Accordingly, judgement is hereby entered in favor of the plaintiff and against the defendant State Farm Insurance Corporation for reasonable medical expenses that plaintiff incurred as a result of injuries she sustained in her May, 1992 motor vehicle accident. Furthermore, because ERISA pre-empts § ll:3-37.3(d) of the N.J.AC., judgment is hereby entered in favor of defendant UFCW Local # 1245 Health Fund and against the plaintiff.

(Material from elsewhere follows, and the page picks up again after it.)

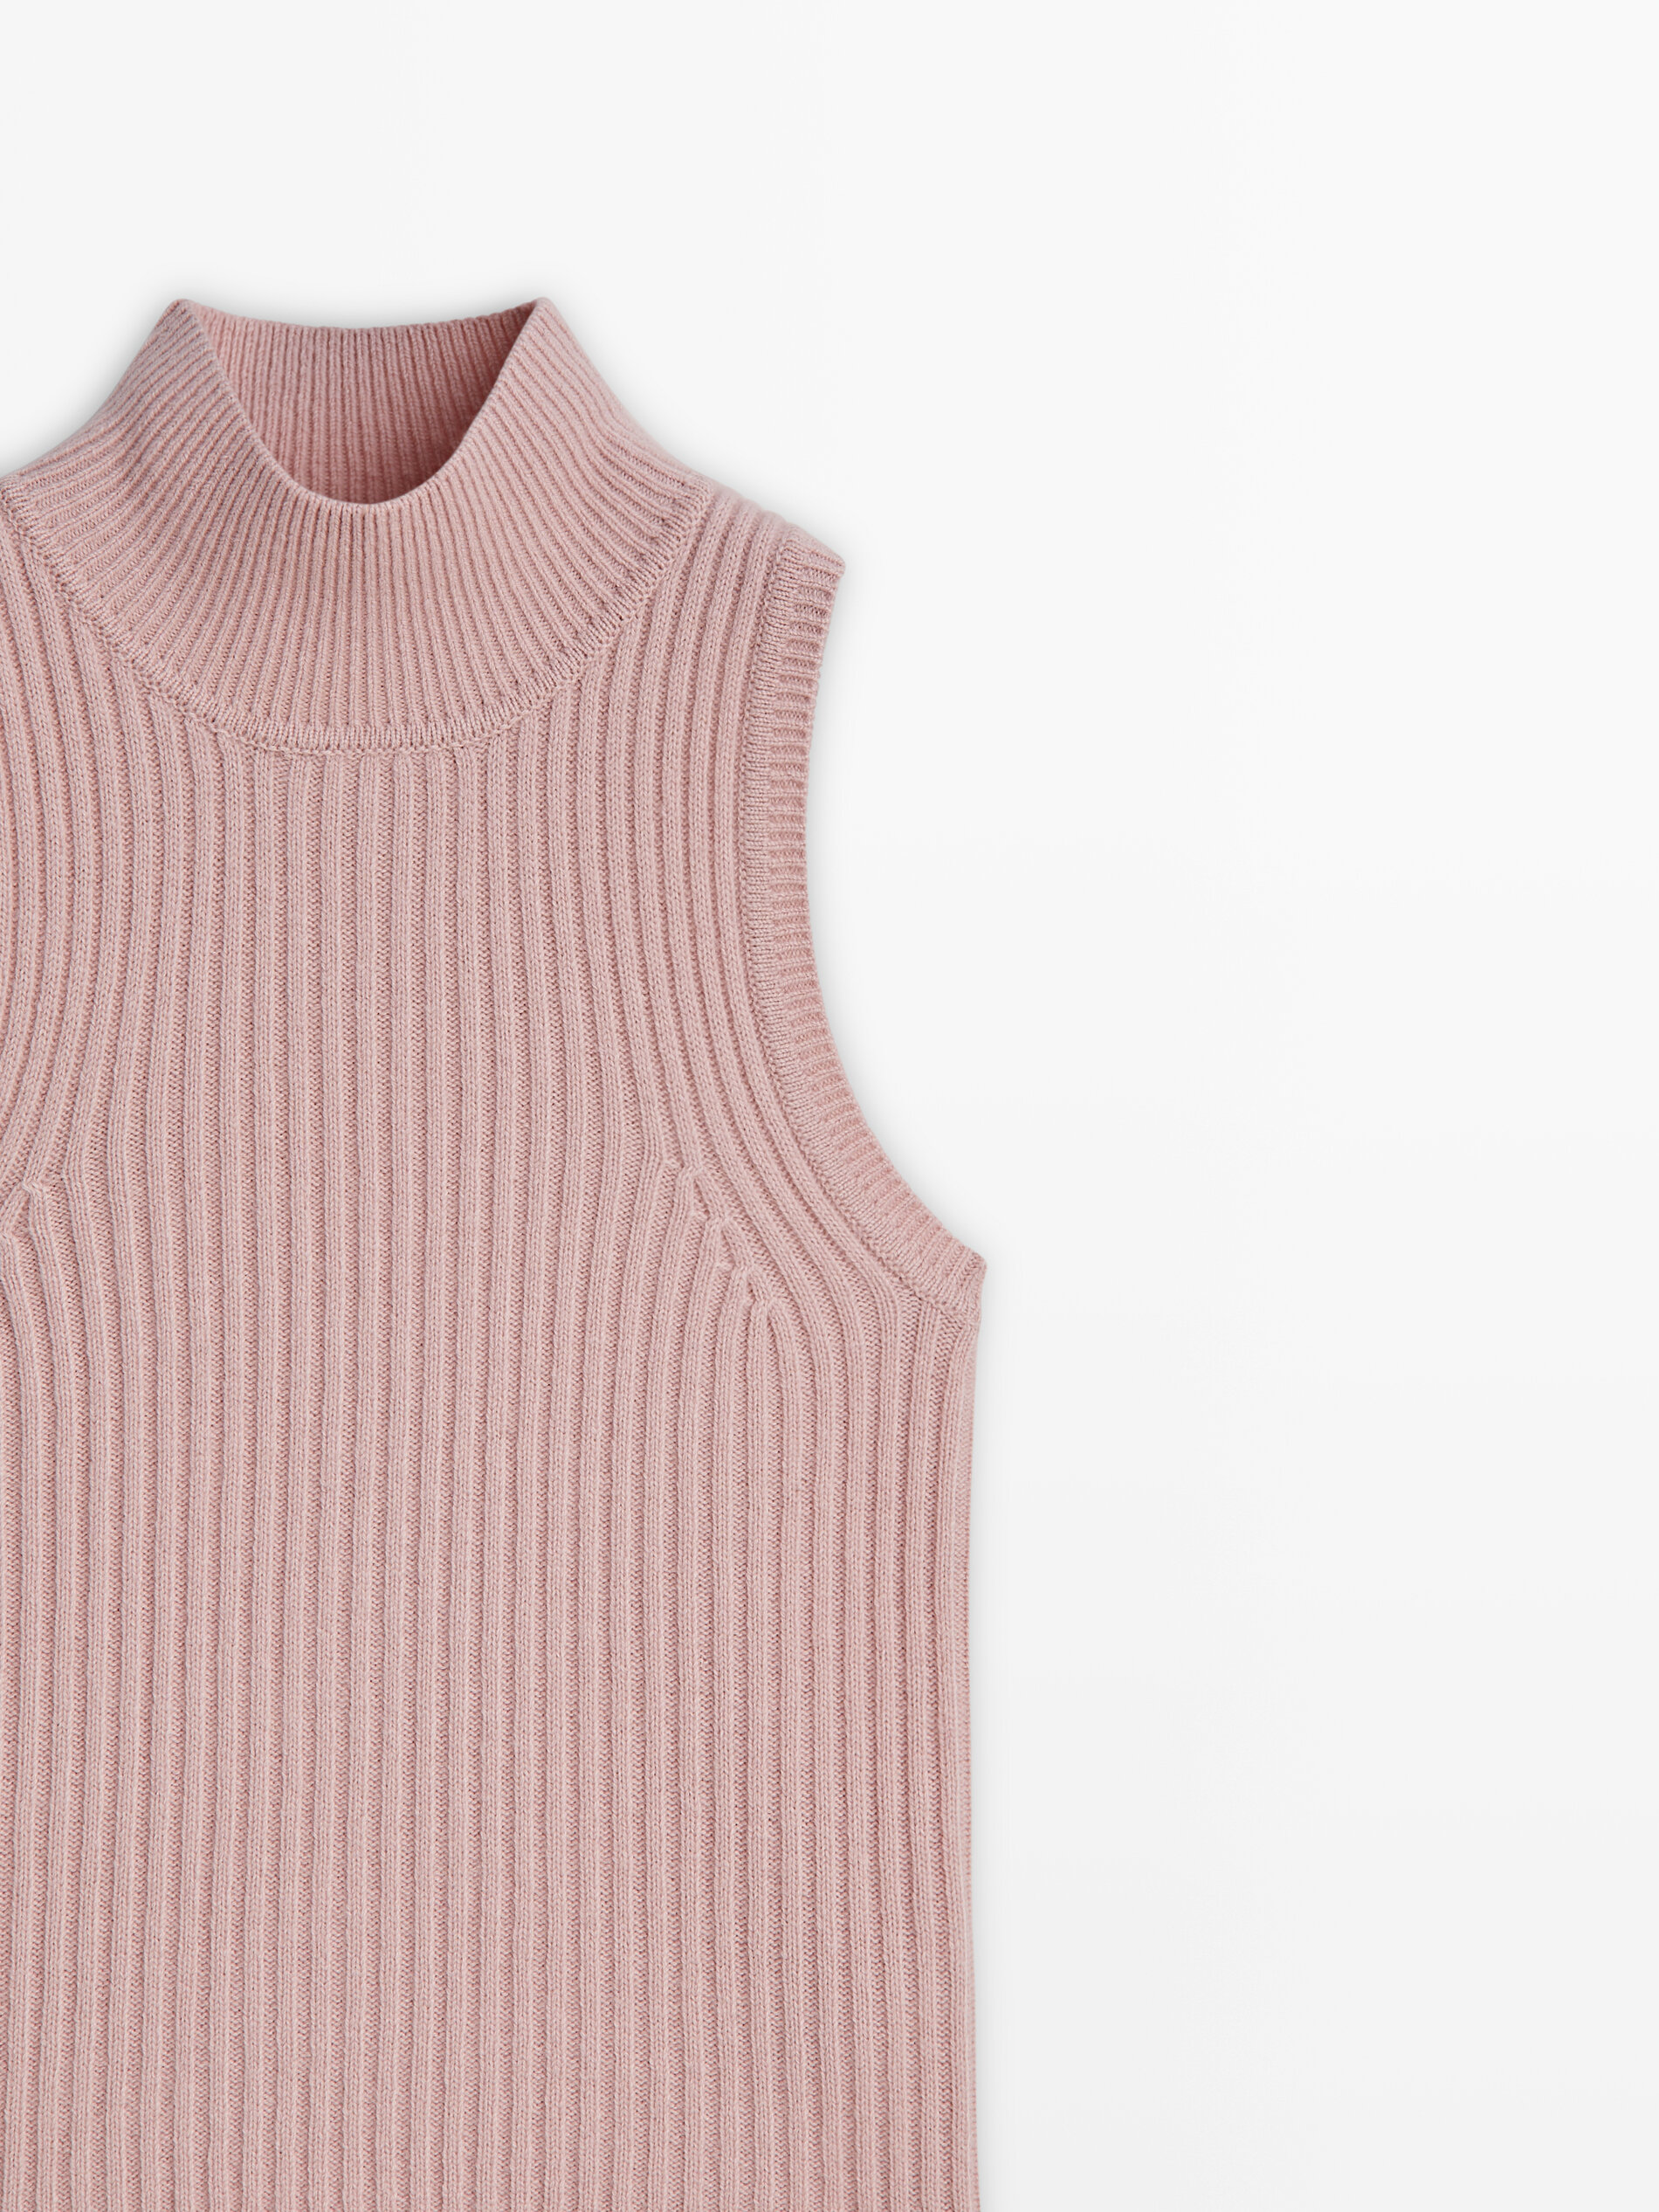 Wool blend ribbed knit top - Studio · Rose Pink, Bluish Green

In oral argument, plaintiff conceded that the Health Fund is a self-funded, uninsured employee benefit plan. Like the employee benefit plan at issue in FMC Corporation v. Holliday, the Health Fund "is self-funded; it does not purchase an insurance policy from any insurance company in order to satisfy its obligations to its participants.” FMC Corporation v. Holliday, supra, 498 U.S. at 54, 111 S.Ct. at 405, 112 L.Ed.2d at 362. Based upon the definition provided in § 3(1) of ERISA, 29 U.S.C. § 1002(1), the Health Fund is clearly an employee benefit plan governed by ERISA. See Metropolitan Life Insurance Co. v. Massachusetts, 471 U.S. 724, 732, 105 S.Ct. 2380, 2385, 85 L.Ed.2d 728, 735 (1985) ("An employee welfare-benefit plan or welfare plan is defined as one which provides to employees 'medical, surgical, or hospital care or benefits, or benefits in event of sickness, accident, disability [or] death,' whether these benefits are provided ‘through the purchase of insurance or otherwise.’ ’’).

At the same time, however, this court makes no determination as to whether plaintiff has in fact exhausted her administrative remedies. The only determination made at this time is that plaintiff is not required to exhaust her administrative remedies because the only issue to be decided is an issue of law: whether ERISA pre-empts § ll:3-37.3(d) of the N.J.A.C.